QKL Stores Inc. Announces Second Quarter 2012 Financial Results
QKL Stores Inc. (the "Company") (Nasdaq: QKLS), a leading regional supermarket chain in Northeastern China and Inner Mongolia, today announced its financial results for the second quarter ended June 30, 2012.
Mr. Zhuangyi Wang, Chairman and CEO, said, "The second quarter was a period in which we focused on improving efficiency in our business. Our existing stores opened for more than a year continued to show stable gross profit margin of 17.5% which helps support the ramp up period of our newer stores, which typically take longer to reach profitability.
"We plan to open 3 additional stores this year. Most of the new stores we will open in the future will be located in the Heilongjiang Province where we have stronger relationships with local vendors and the cost of goods is slightly lower than the other two provinces (Liaoning and Jilin) in which we operate.
"As our new store opening plan modifies from the first half of the year, we believe that preliminary new store opening expenses will decrease in the coming quarters as our total store sales rise, labor & utility costs stabilize and new store marketing expenses ease. For the remaining two quarters of 2012, we believe our gross margin will remain stable in the 17%-17.5% range, operating expenses as a percent of total revenue will move back into the 14%-15% range and we'll return to profitability with net income as a percent of total revenue in the 0.5%-1.0% range.

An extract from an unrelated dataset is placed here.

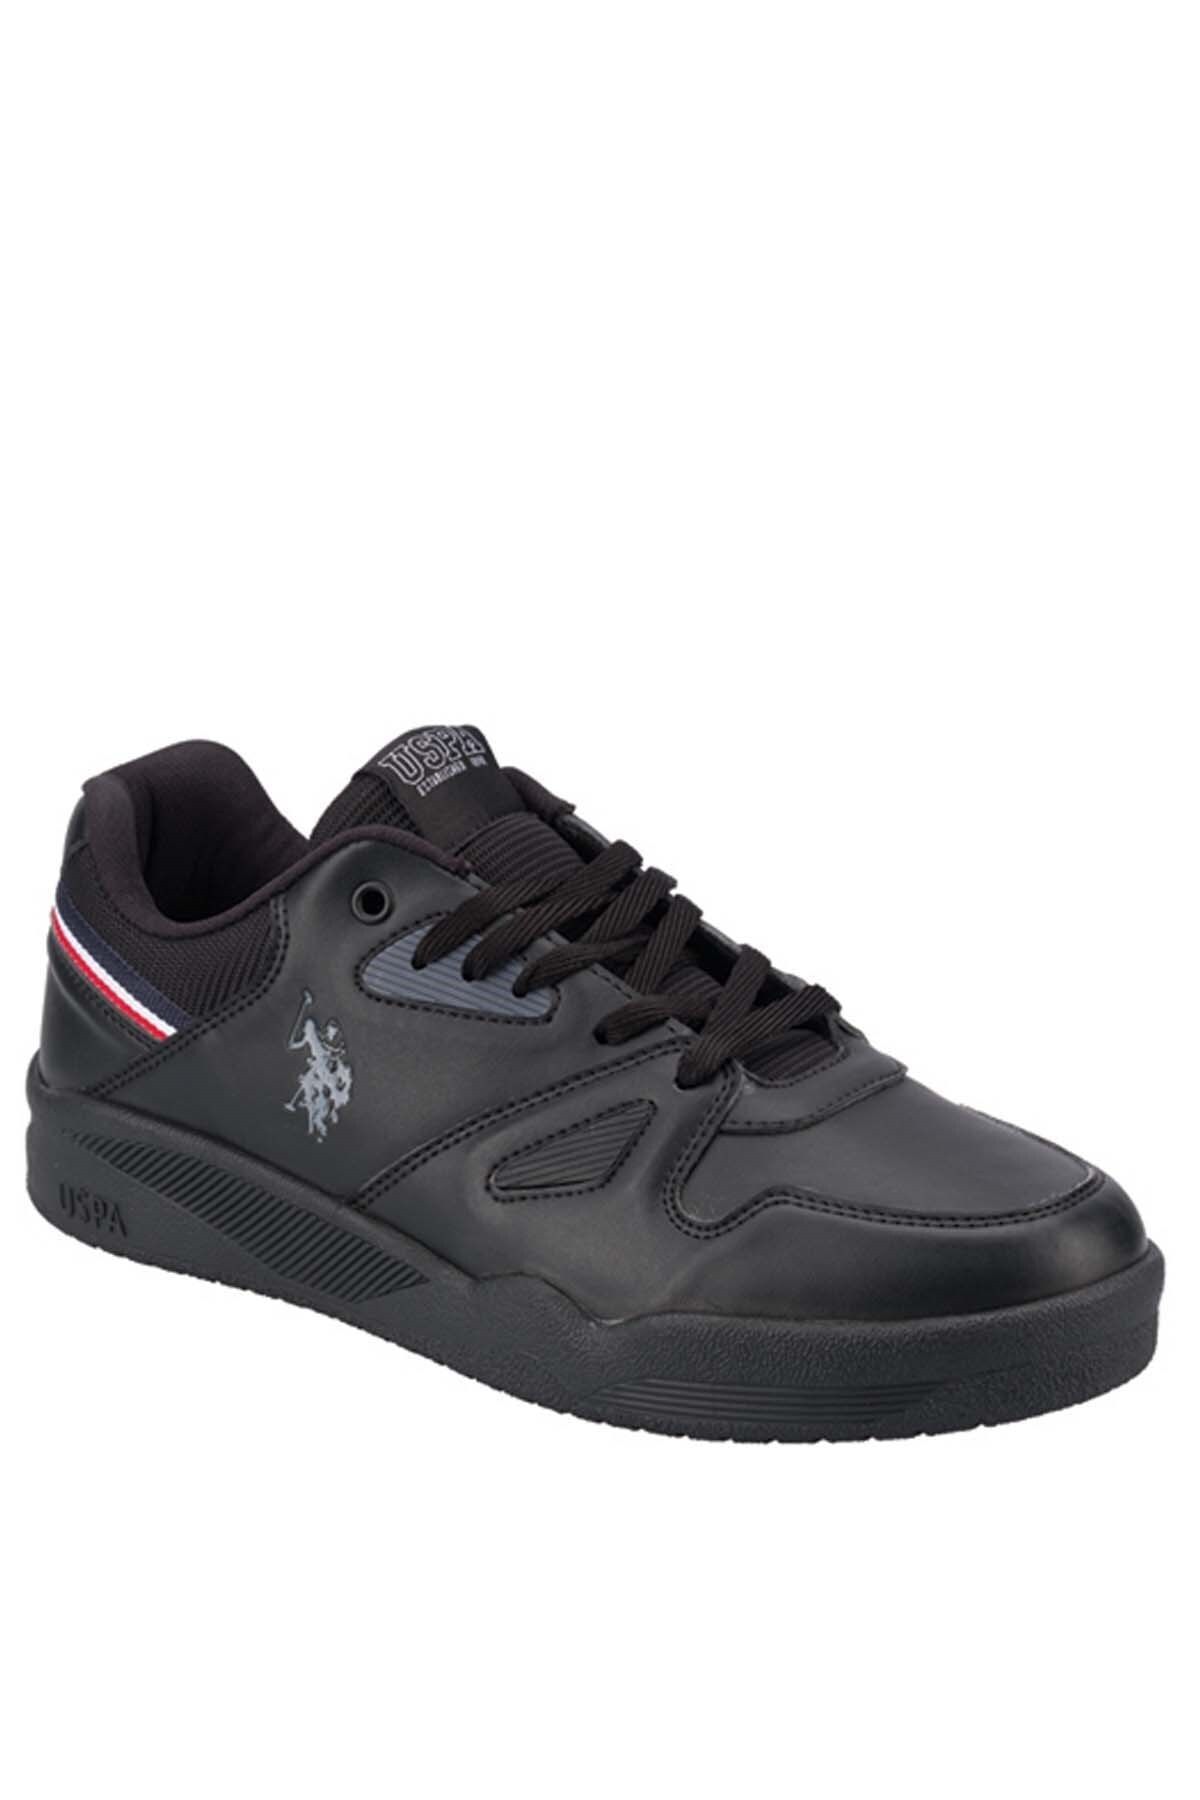 U.S. Polo Assn. PARKER Siyah Erkek Sneaker Ayakkabı 100549165

"As QKL expands its market presence in northeast China, we are uniquely positioned against our local competitors through our large product offering, strong supplier relationships, efficient distribution network and state-of-the-art IT system. We are comfortable with our opportunities in the second half of the year and believe we'll see an improvement in operating expenses and profit growth from the current quarter."
Second Quarter 2012 Financial Results
Revenue in the second quarter of 2012 decreased by 0.3% to $83.2 million from $83.5 million in the second quarter of 2011. Revenue performance reflected the growth of 46 comparable stores, which have been open for at least one year before the beginning of the comparison period, or by April 1, 2011, as well as sales generated from the opening of 7 new stores since April 1, 2011. Same-store sales were approximately $77.0 million in the second quarter of 2012, representing an increase of 3.6% from $74.3 million in the second quarter of 2011.The 7 new stores opened since April 1, 2011 generated approximately $6.2 million in the second quarter of 2012.
Gross profit decreased 0.4% year-over-year to $14.6 million, compared to $14.6 million in the prior year period. Gross margin for the second quarter of 2012 is likely to be between 17.0% and 17.5%. The change in gross profit was primarily attributable to net sales decreased by $0.2 million in the second quarter of 2012 compared to the second quarter of 2011.
Operating expenses decreased 1.4% to $14.5 million compared to $14.7 million in the prior year period. This was primarily a result of higher preliminary expenses for new stores in the prior year period.
The Company reported a net income of approximately $9,611, or $0.001 per diluted share, compared with net loss of $32,867, or $(0.003) per diluted share, for the same period in 2011. This increase was due to lower selling expenses related to new store openings in the second quarter of 2012.
As of June 30, 2012, the Company had $26.0 million in unrestricted cash and bank loans of $3,164,707, compared to $36.0 million as of June 30, 2011 with no bank loans.
As of June 30, 2012, the Company operated 53 stores totaling 286,000 sq. meters compared to 51 stores totaling 275,000 sq. meters in the prior year period.
As a result of the Reverse Stock Split, the number of outstanding shares of common stock of the Company was reduced to 10,527,637 shares. Fractional stockholdings were rounded up to the nearest whole number. Each shareholder's percentage ownership interest in the Company and proportional voting power remains unchanged after the Reverse Stock Split except for minor changes and adjustments resulting from rounding of fractional interests. The rights and privileges of the holders of common stock are substantially unaffected by the Reverse Stock Split.
Net cash provided by operating activities for the six month ended June 30, 2012 and 2011 was $22.4 million and $26.0 million, respectively. The decrease in cash provided by operating activities for the six month ended June 30, 2012 compared to the same period in 2011 primarily reflects net cash inflow caused by the increase in accrued expenses, and a decrease of inventories. The increase in accrued expenses was in line with the increase in operating expenses due to inflation and new store openings. The decrease of inventories was caused by reducing the inventories on hand after the peak Chinese New Year season. The decrease of other receivables is largely attributable to the recovery of money from vendors.